══ Records to process

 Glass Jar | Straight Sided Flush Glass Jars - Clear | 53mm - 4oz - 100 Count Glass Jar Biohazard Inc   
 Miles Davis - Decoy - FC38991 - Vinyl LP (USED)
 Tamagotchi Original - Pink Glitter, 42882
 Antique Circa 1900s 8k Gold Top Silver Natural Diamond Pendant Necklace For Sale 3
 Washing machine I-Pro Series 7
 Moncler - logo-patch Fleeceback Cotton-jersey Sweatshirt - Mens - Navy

════

▶ [What the task requires]
Each line from the one holding "Miles Davis - Decoy" to the end of the entries is to be written out exactly. Skip every line before it.

▶ [Solution to this problem]
 Miles Davis - Decoy - FC38991 - Vinyl LP (USED)
 Tamagotchi Original - Pink Glitter, 42882
 Antique Circa 1900s 8k Gold Top Silver Natural Diamond Pendant Necklace For Sale 3
 Washing machine I-Pro Series 7
 Moncler - logo-patch Fleeceback Cotton-jersey Sweatshirt - Mens - Navy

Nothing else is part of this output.